Kaczyński chce budować wielkie media narodowe
– Uczynimy wszystko, żeby po pierwsze wygrać walkę o telewizję publiczną w Polsce, a po drugie stworzyć także prywatną, dużą telewizję, która będzie wolna – zapowiedział Jarosław Kaczyński podczas wizyty w Lublinie.
Zanim jednak ta wypowiedź padła z jego ust, odbyła się uroczystość odsłonięcia pomnika prezydenta Lecha Kaczyńskiego. Po niej przemówił prezes ujawniając swoje plany na okres po kolejnych wyborach, kiedy – jak ma nadzieję – uda się wrócić do władzy.
Temat mediów wywołała jedna z uczestniczek spotkania, która o tym, że Kaczyński pojawi się w Lublinie, dowiedziała się od córki mieszkającej we Francji. Jej zdaniem to wina mediów, które nie informują o tym, co się dzieje w kraju w sposób rzetelny.

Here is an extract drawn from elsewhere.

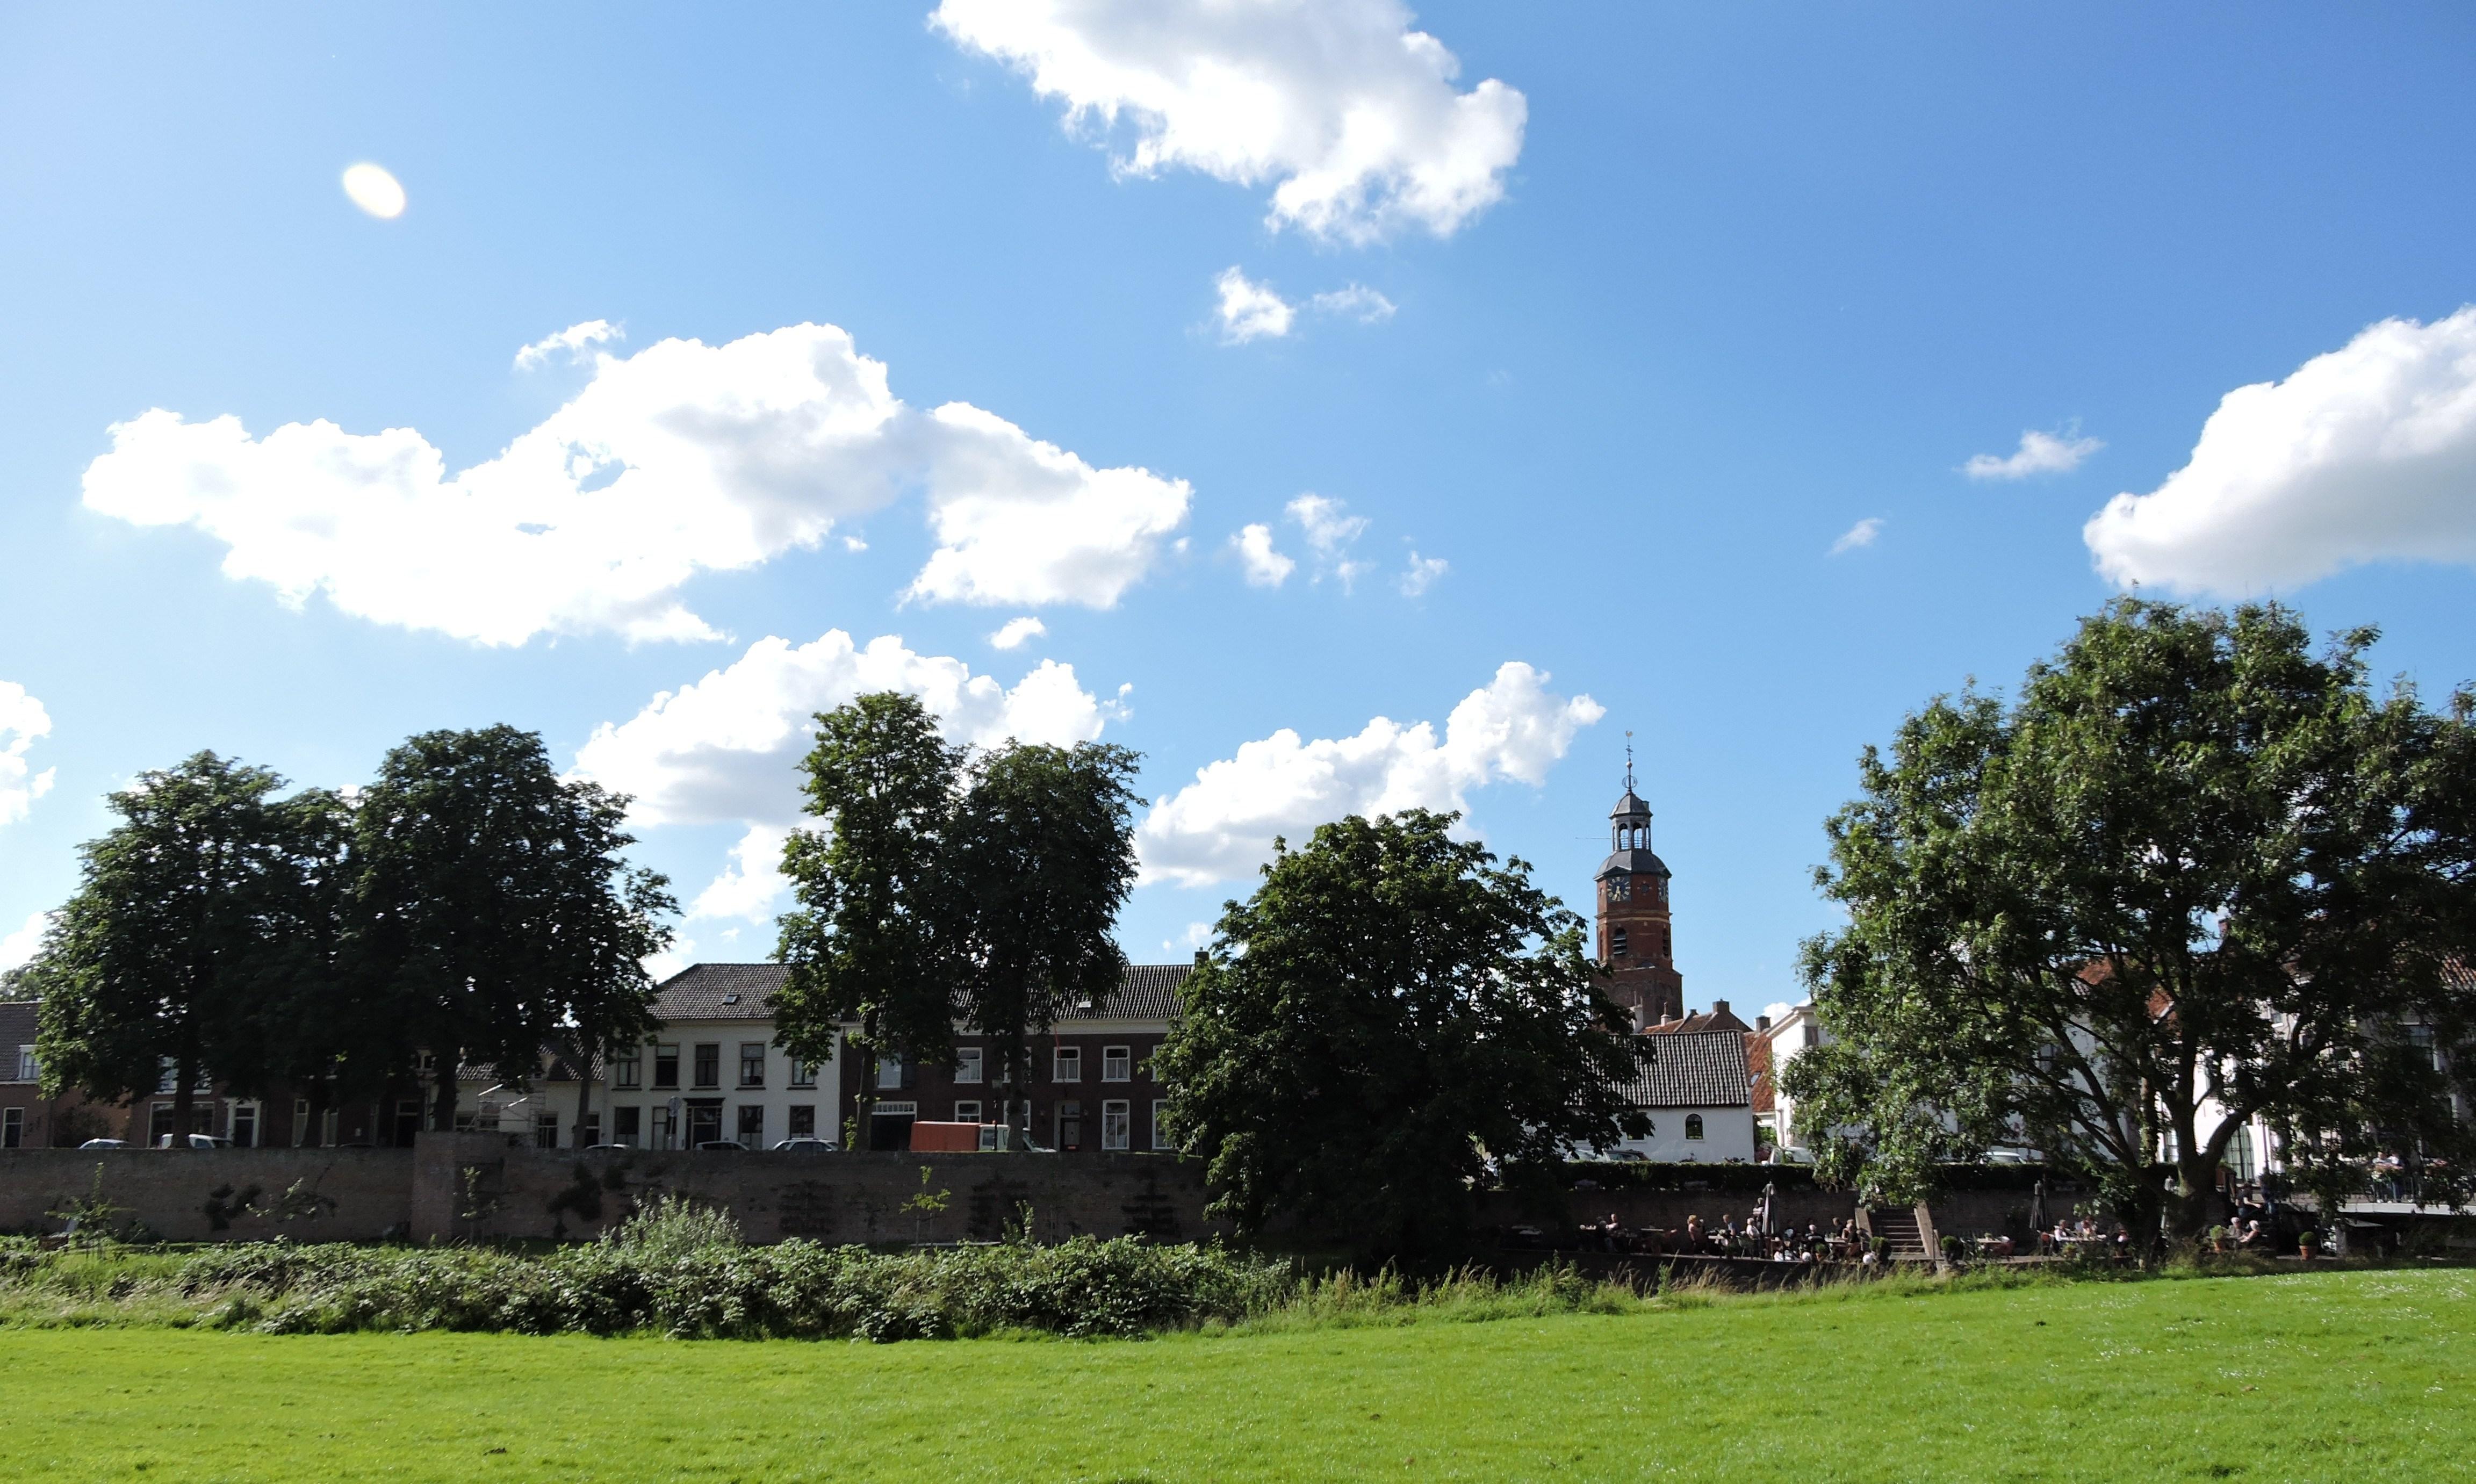 Afb. Het stadje Buren - middelpunt van het Graafschap Buren.

#Kaczyński chce pozyskać wyborców Trzeciej Drogi, ale retoryki nie zmienia: @Platforma_org partią niemiecką, a @donaldtusk działa jak Führer #Lublin #wyborcza https://t.co/NsytsYXppF
— Gazeta Wyborcza.pl (@gazeta_wyborcza) January 28, 2024
– Uczynimy wszystko, żeby wygrać walkę o telewizję publiczną w Polsce, ale po drugie stworzyć także prywatną dużą telewizję, która będzie wolna – zapowiedział w pewnym momencie prezes Prawa i Sprawiedliwości.

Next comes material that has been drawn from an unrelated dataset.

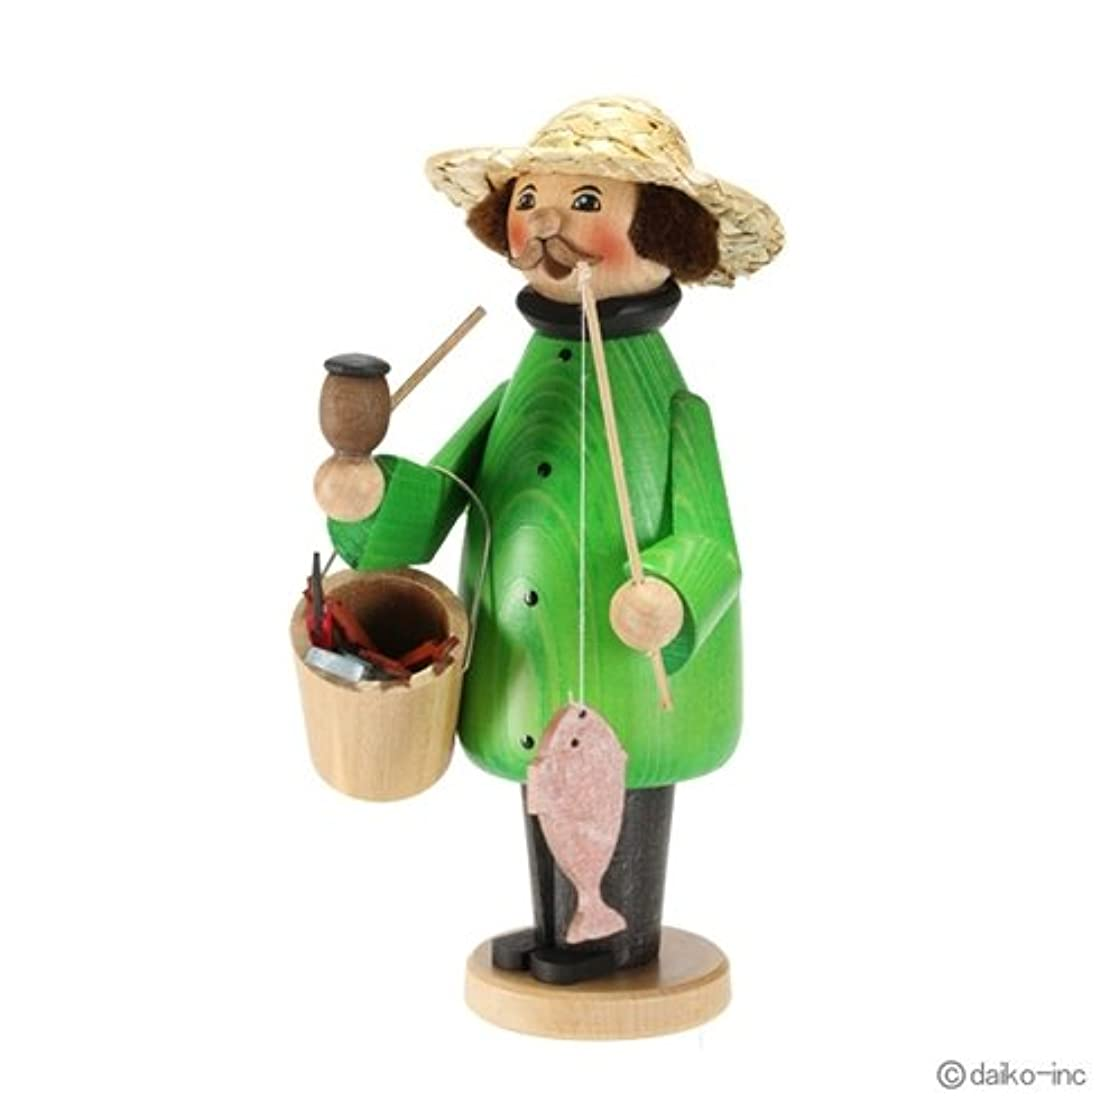 微生物感謝祭説明的クーネルト kuhnert ミニパイプ人形香炉 釣り人

Słowa Kaczyńskiego to również reakcja na to, że PiS-owi odebrano media publiczne. Obecnie trwa w TVP rewolucja mająca na celu przywrócenie większego pluralizmu, niż miało to miejsce w ostatnich 8 latach. Rządowa stacja była bowiem podporządkowana tylko opcji rządzącej.
Wśród sympatyków pojawili się przeciwnicy prezesa
W trakcie uroczystości odsłonięcia pomnika nie obyło się bez incydentów i interwencji policji. Jak donosi Onet, spotkanie Kaczyńskiego w Lublinie – choć atmosfera była spokojna – pokazało, że rośnie grono niezadowolonych wśród dotychczasowych zwolenników PiS.
Na miejscu pojawili się zarówno ludzie z plakatami, jak i osoby z gwizdkami w ustach, które próbowały przeszkadzać w wizycie. Dodatkowo każda osoba, która pojawiła się na ceremonii odsłonięcia pomnika zmarłego tragicznie prezydenta Kaczyńskiego, była dokładnie sprawdzana przez ochronę.